[Data section]

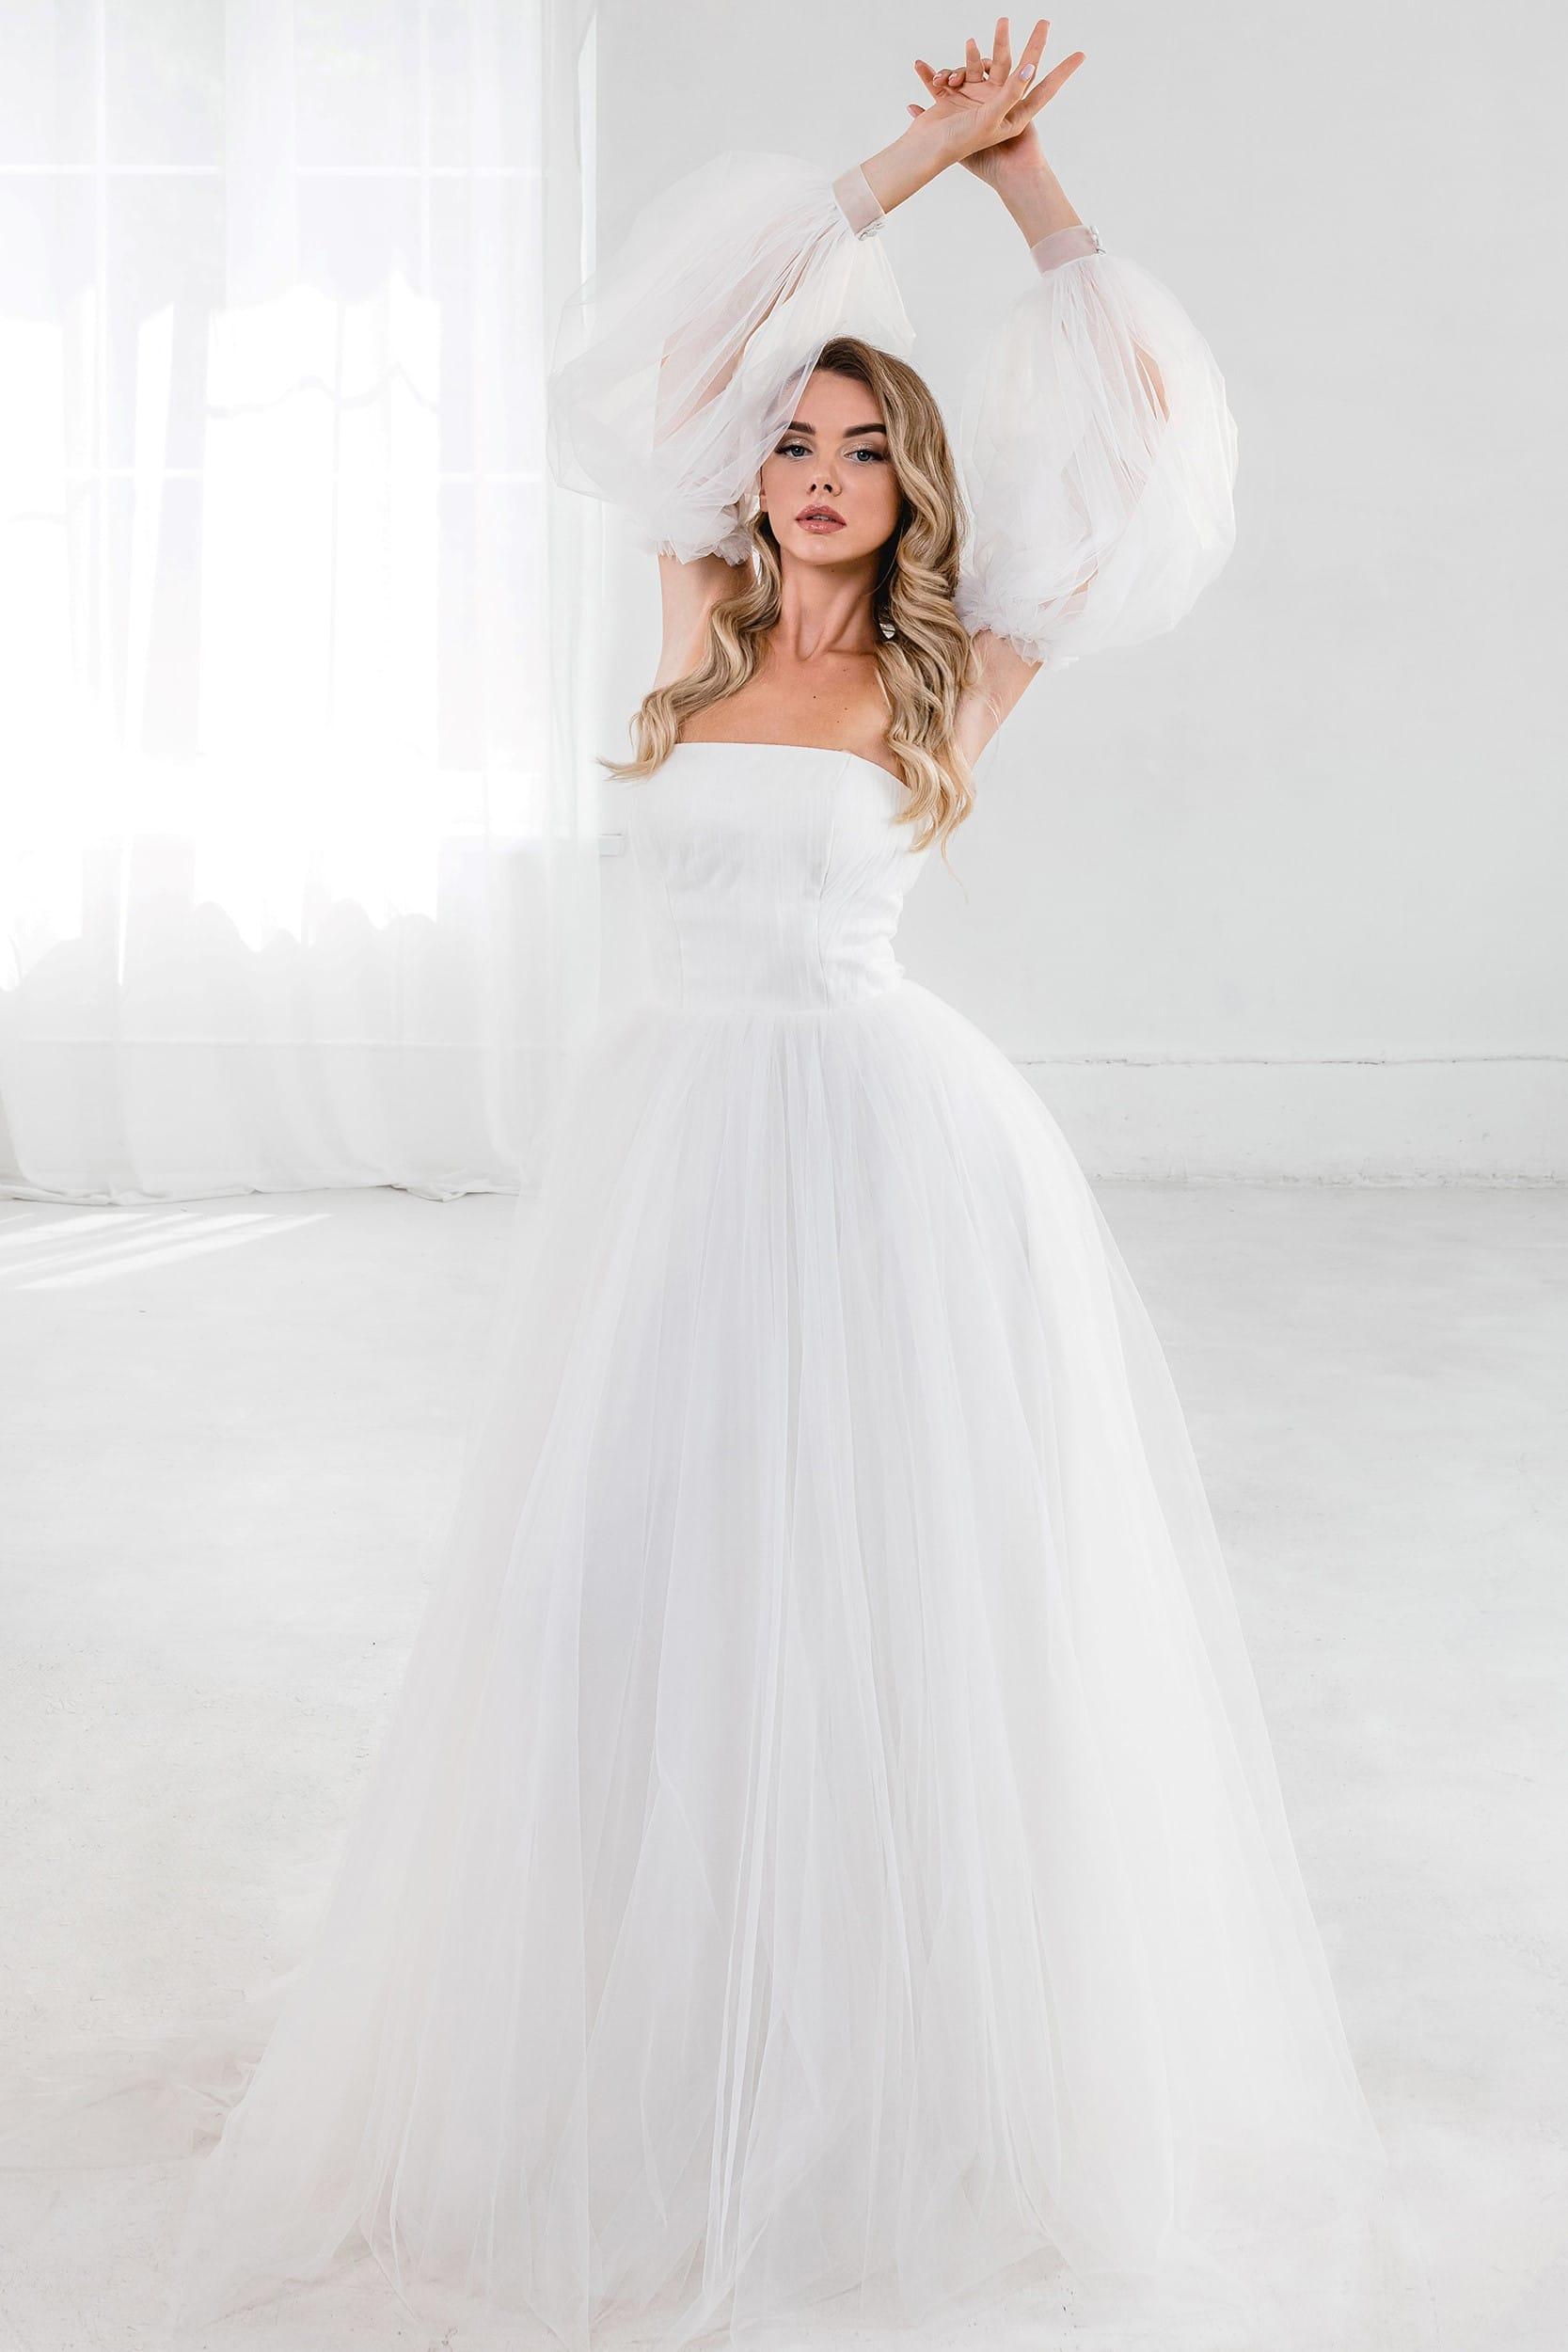 Свадебное платье с необычными рукавами, открытая спина, открытые плечи. Винтаж. Пышный силуэт. Молочный цвет
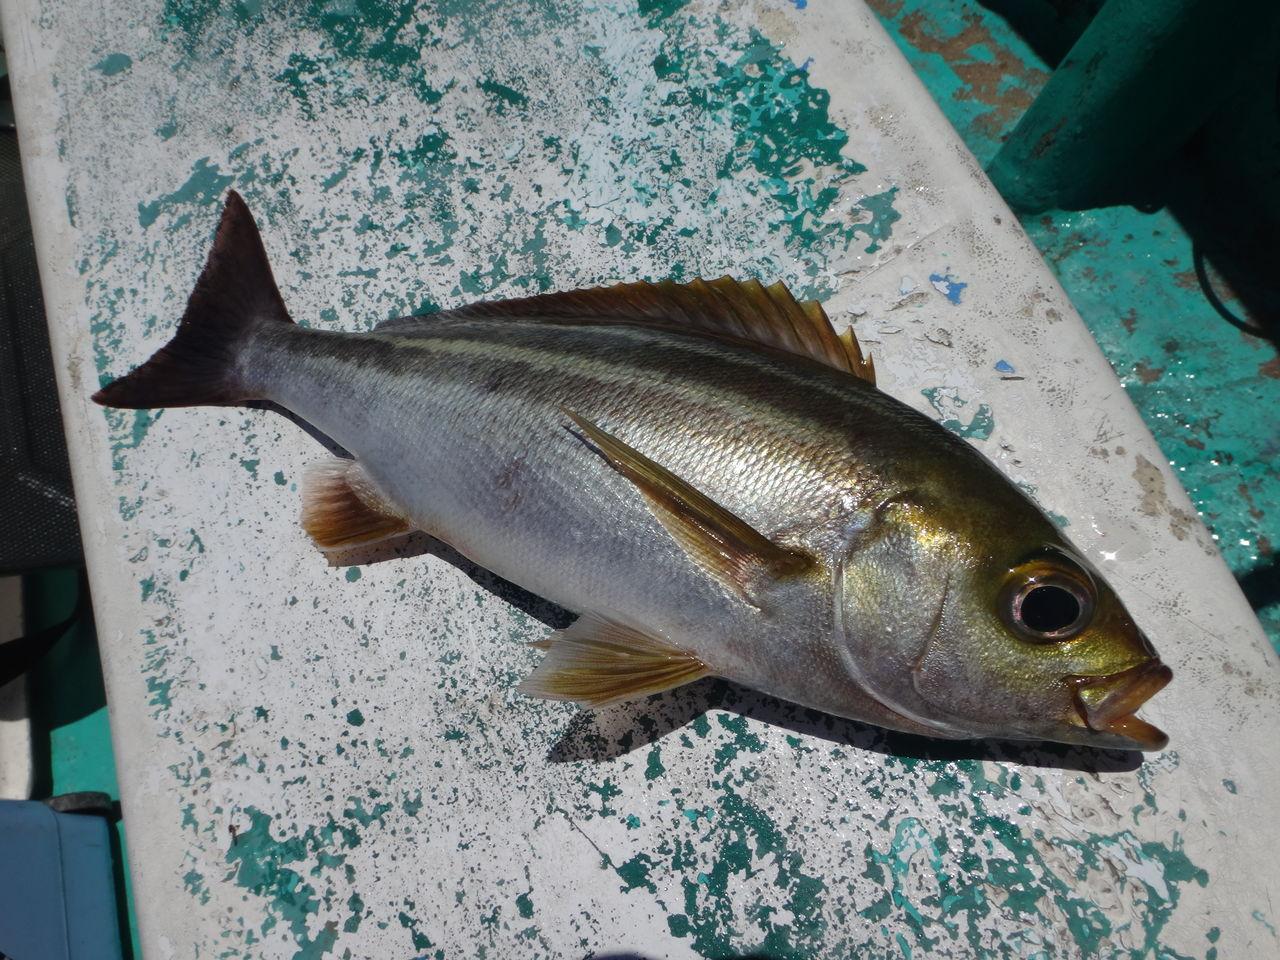 釣りでも食べて人気!淡白な味を味わおうイサキの美味しい料理のサムネイル画像
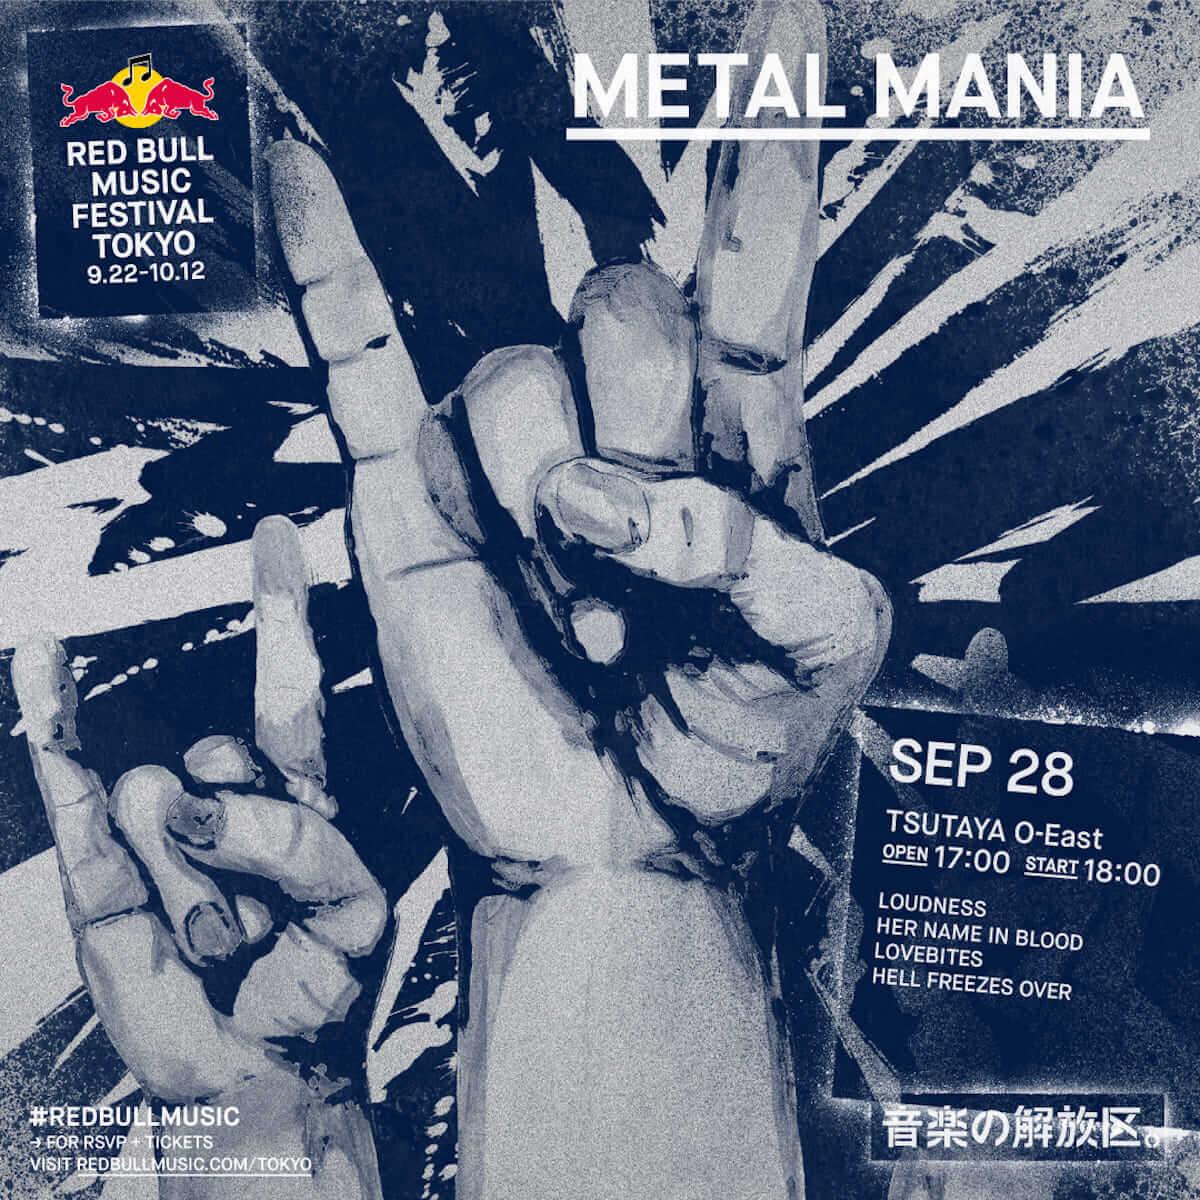 9月から1ヶ月に渡り「RED BULL MUSIC FESTIVAL TOKYO 2018」が開催|山手線の車内が走るライブハウスに? music180806-redbullmusicfestival-6-1200x1200
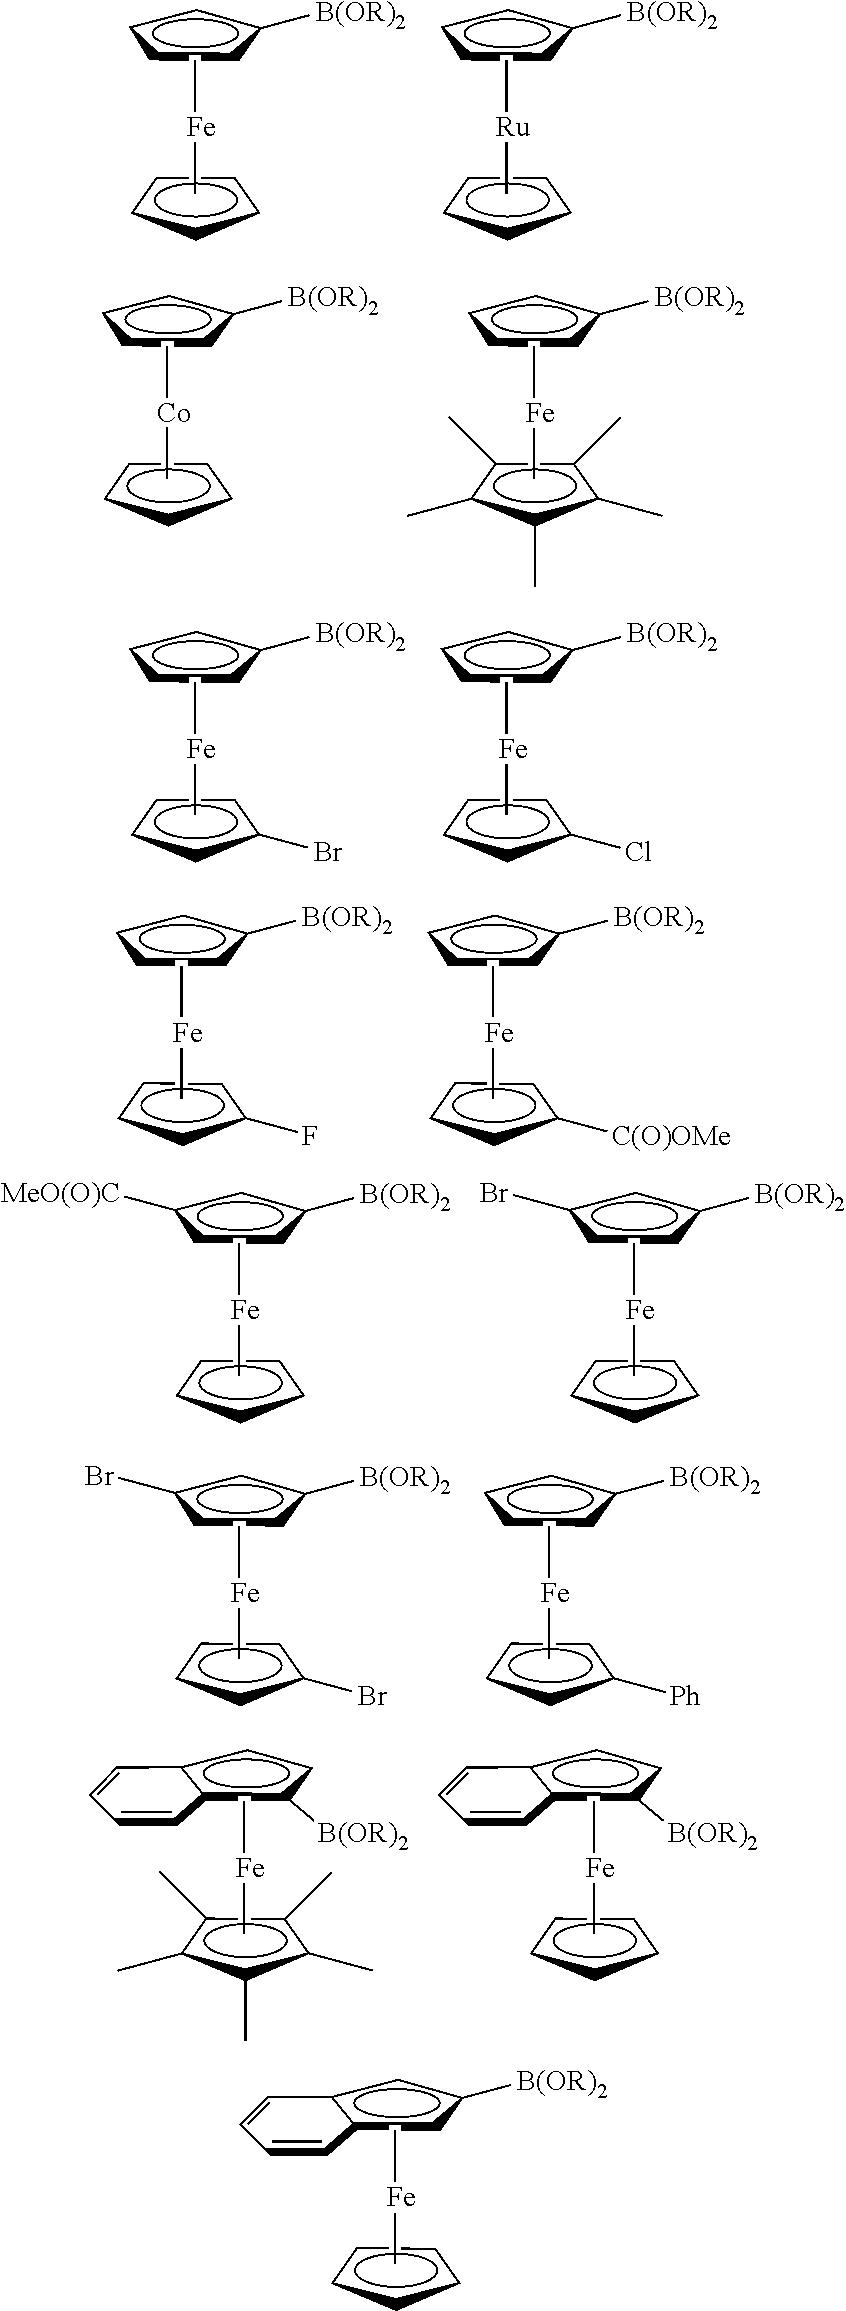 Figure US20100305287A1-20101202-C00004

[/Data section]

**What to produce:**
"9月から1ヶ月に渡り「RED BULL MUSIC" marks the first line to copy; copy that line and every line after it through the last line of the listing, exactly and without pictures.

**Result for this task:**
 9月から1ヶ月に渡り「RED BULL MUSIC FESTIVAL TOKYO 2018」が開催|山手線の車内が走るライブハウスに? music180806-redbullmusicfestival-6-1200x1200
 Figure US20100305287A1-20101202-C00004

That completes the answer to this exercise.